Exercise directions: Once the line containing "Giantex 6 Drawer" is reached in the listing below, reproduce it and all later lines through the final one exactly, but omit any pictures.

Recorded data:
============

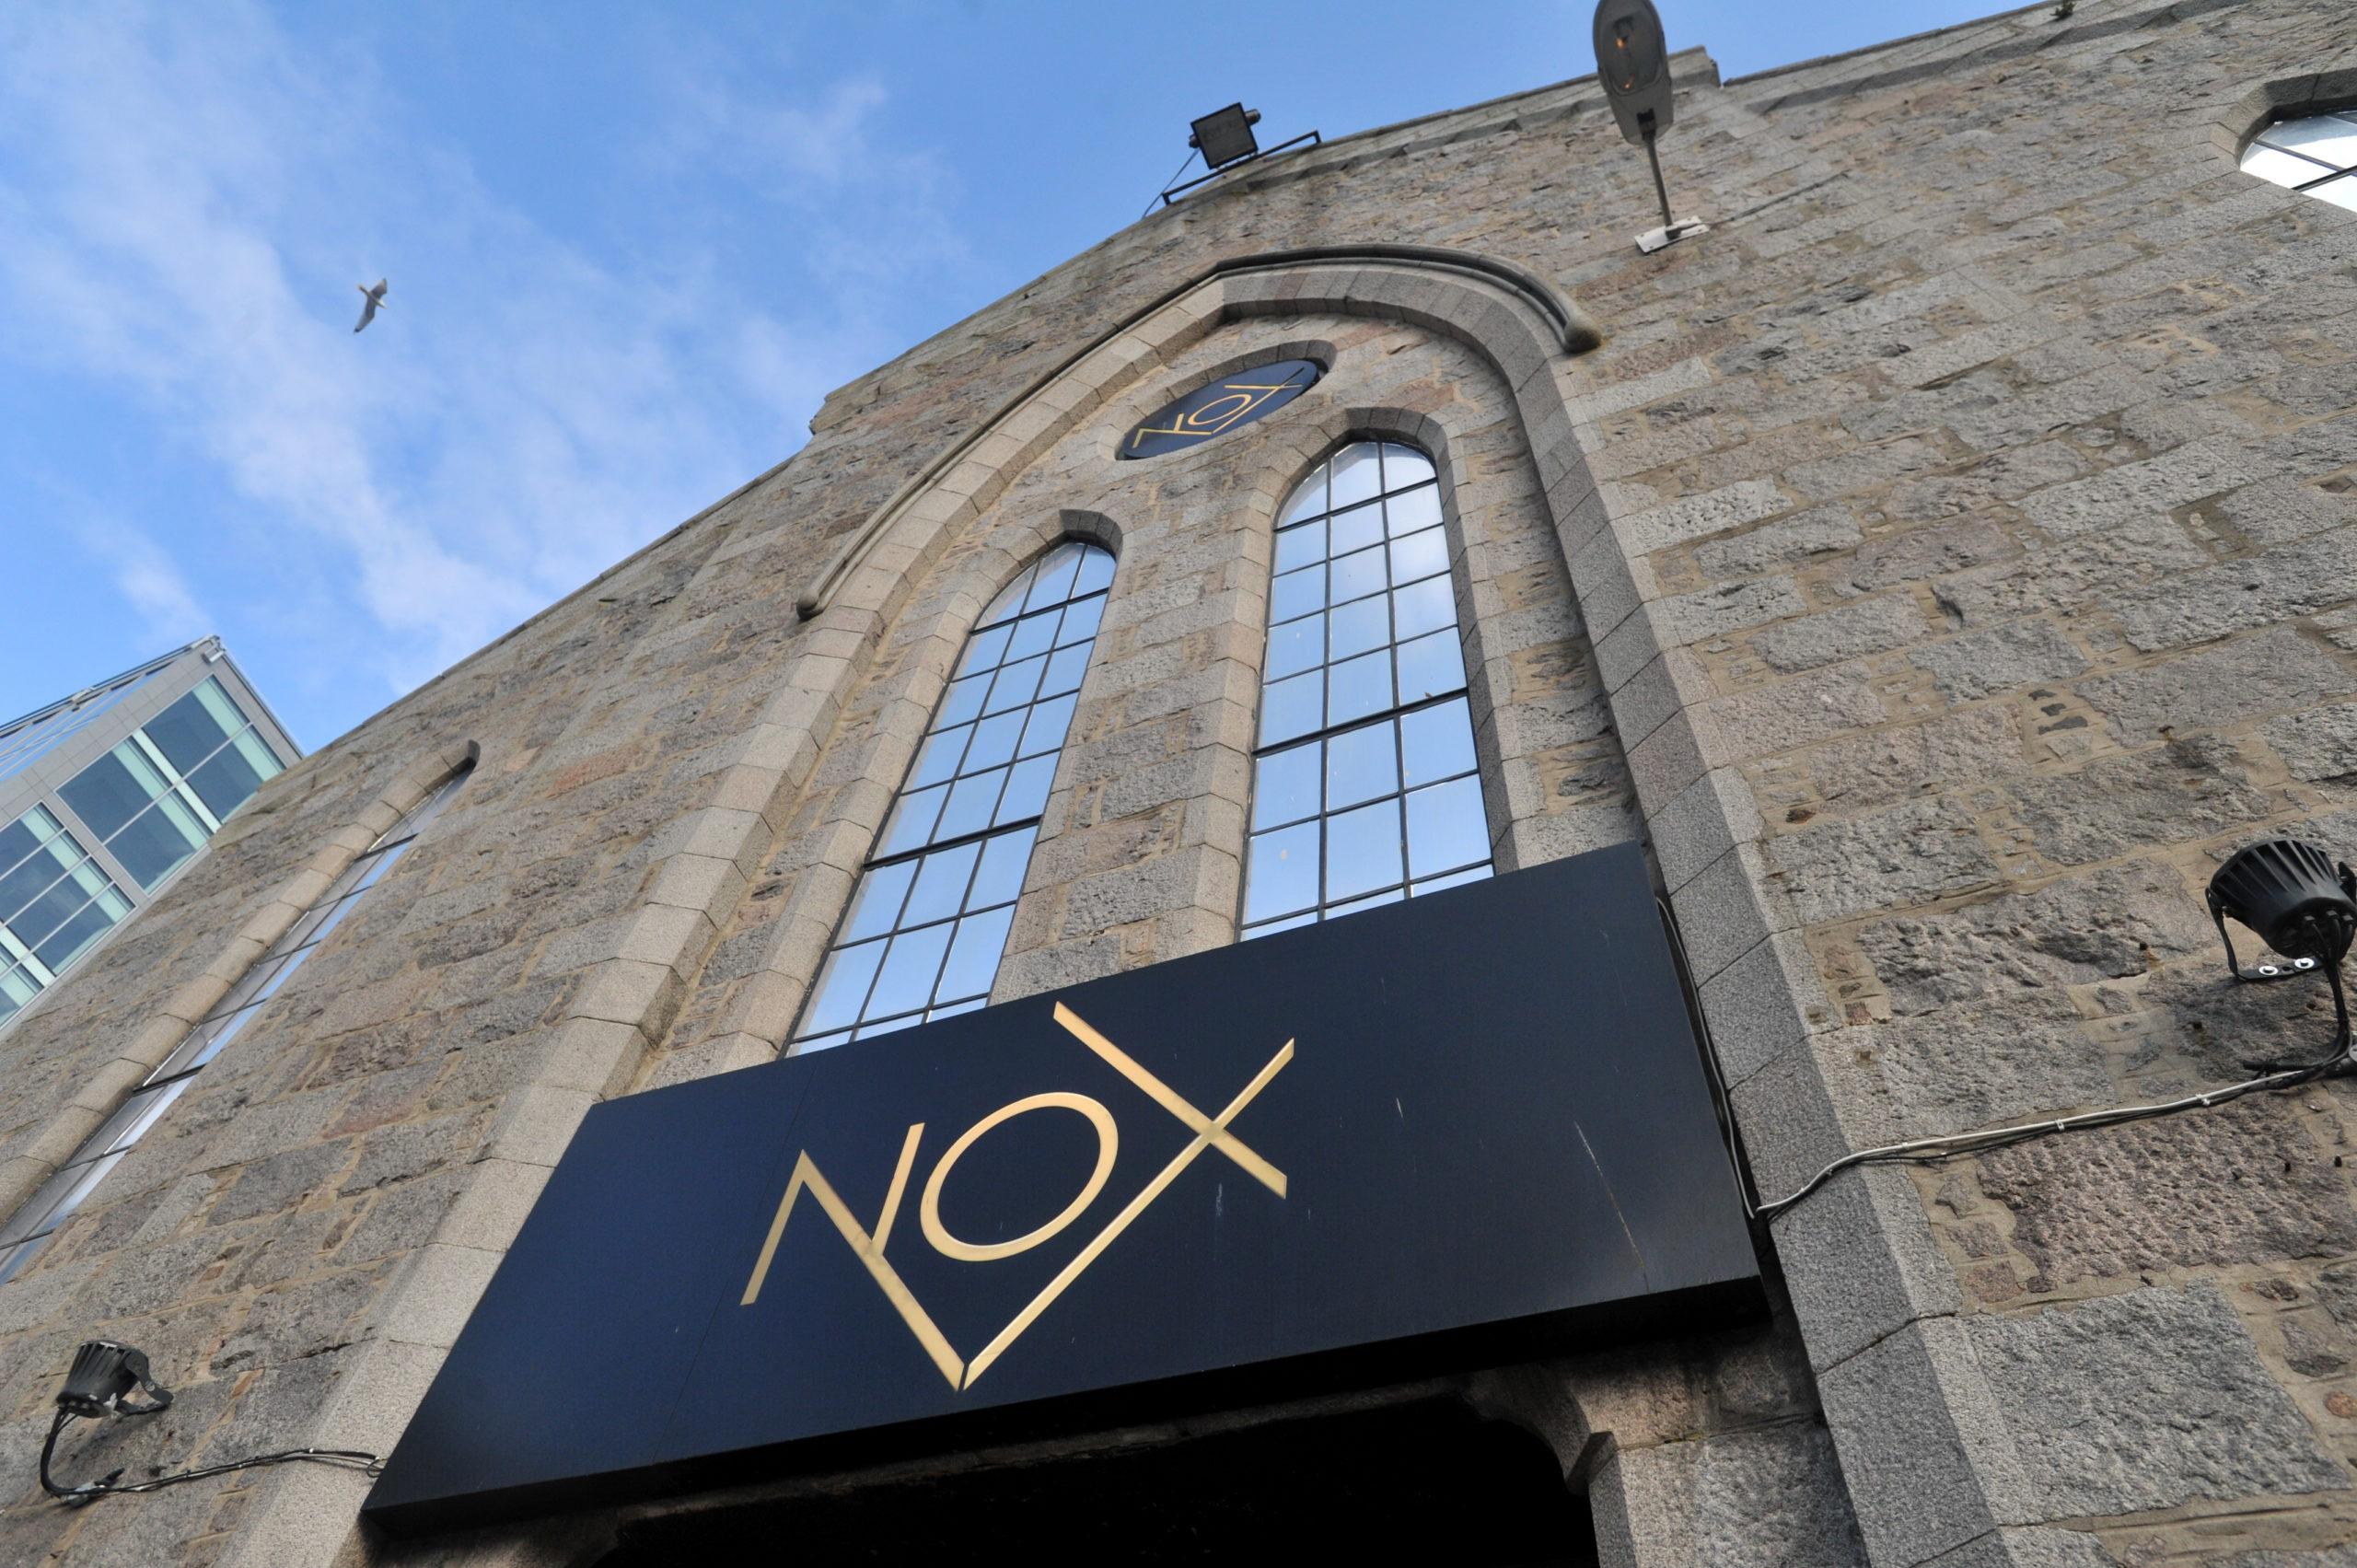 Nox, Justice Mill Lane, Aberdeen.
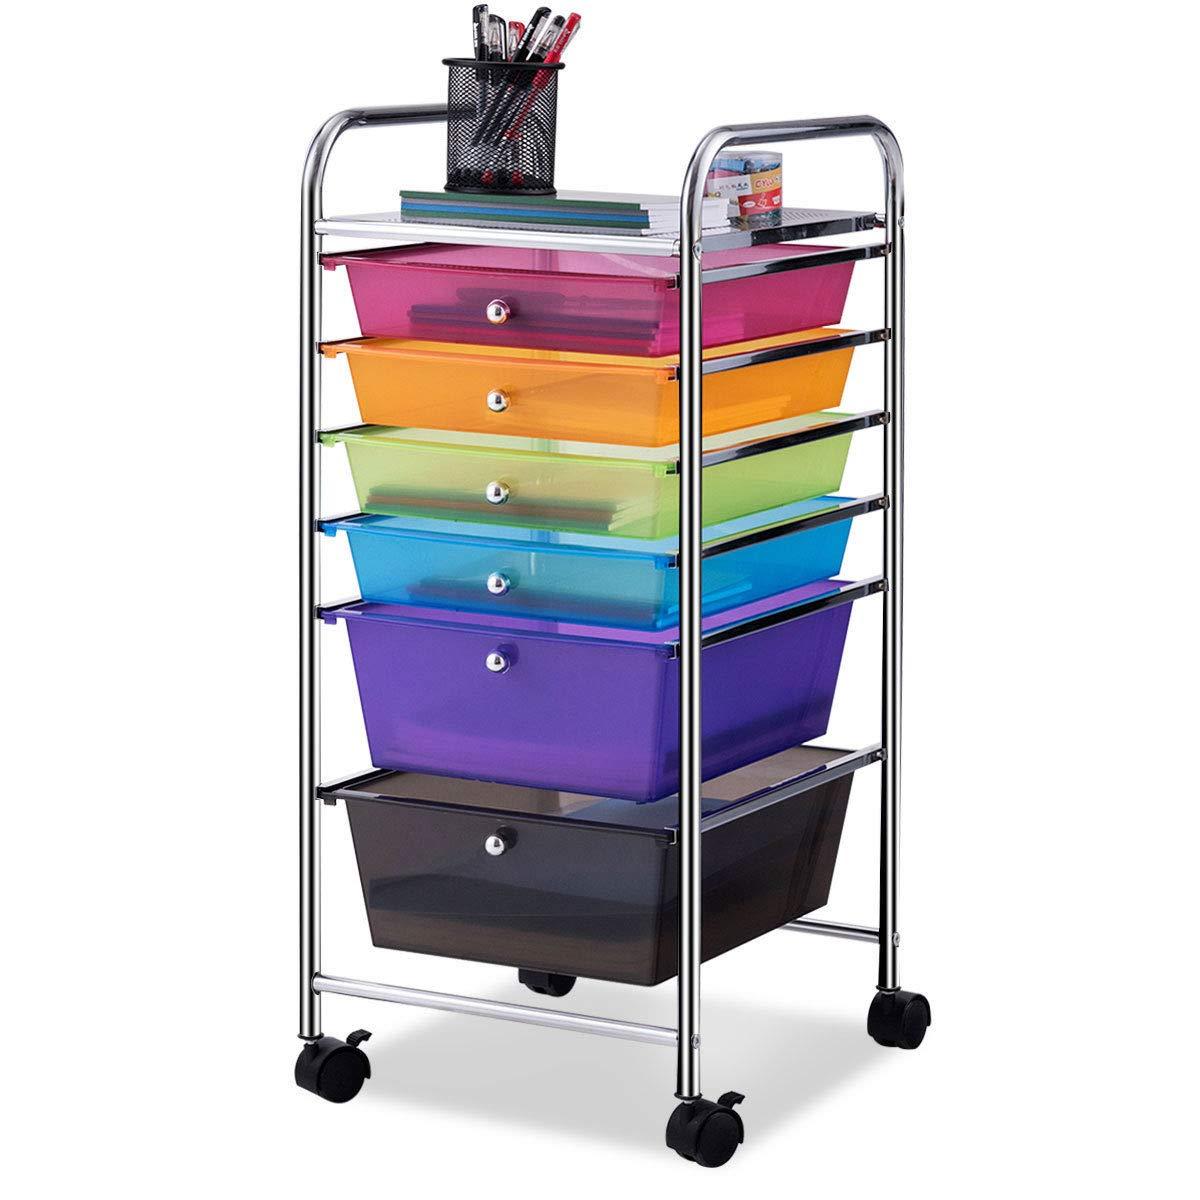 Giantex 6 Drawer Rolling Storage Cart Tools Scrapbook Paper Office School Organizer by Giantex
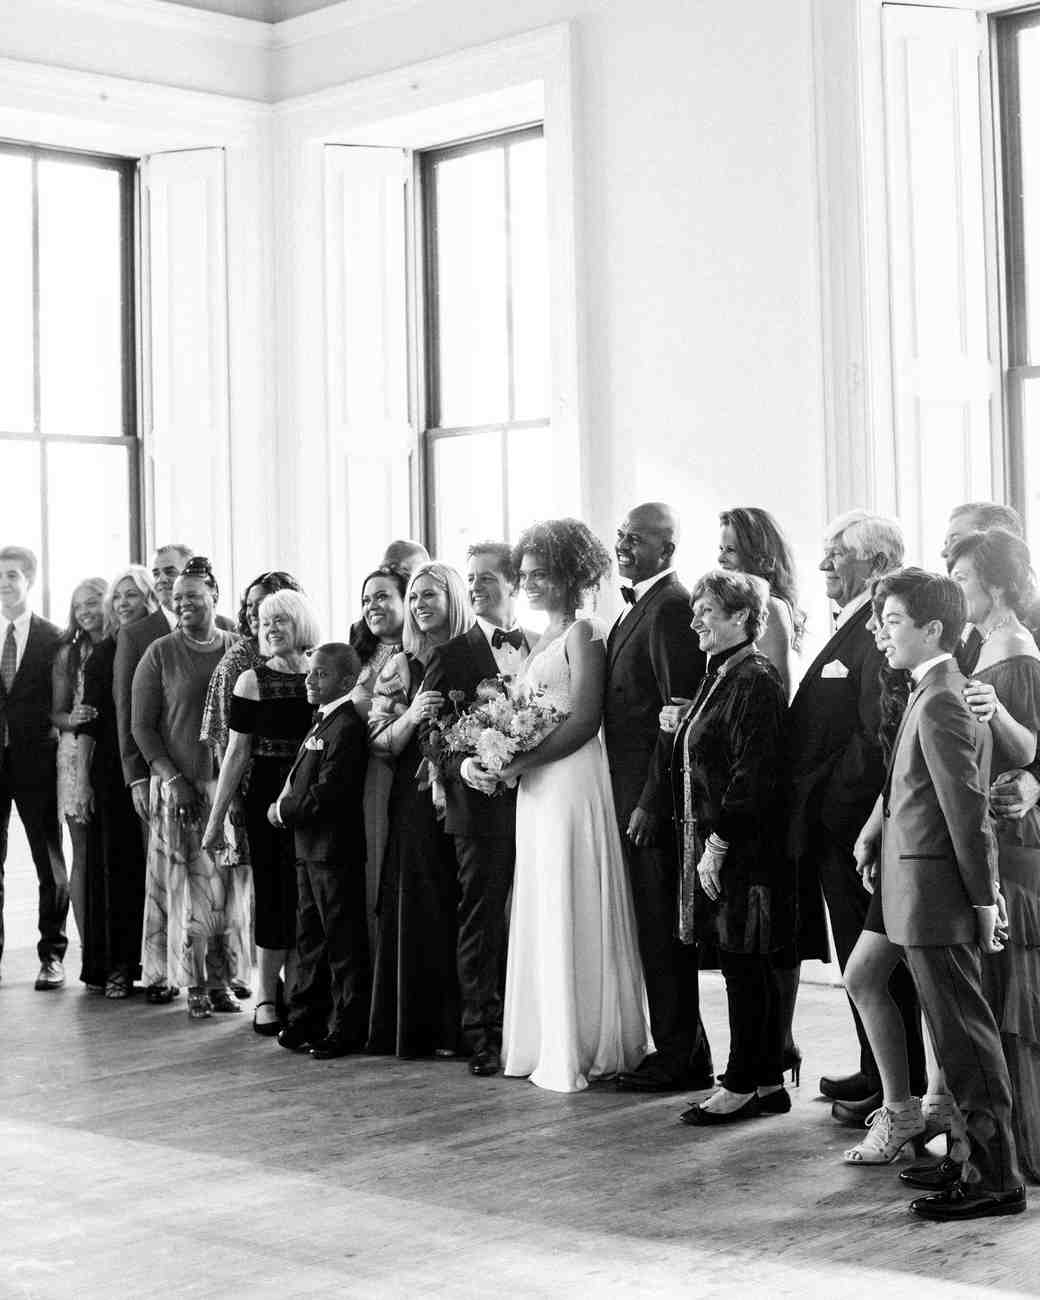 natalie louis wedding group photo

============

Expected answer:
 Giantex 6 Drawer Rolling Storage Cart Tools Scrapbook Paper Office School Organizer by Giantex
 natalie louis wedding group photo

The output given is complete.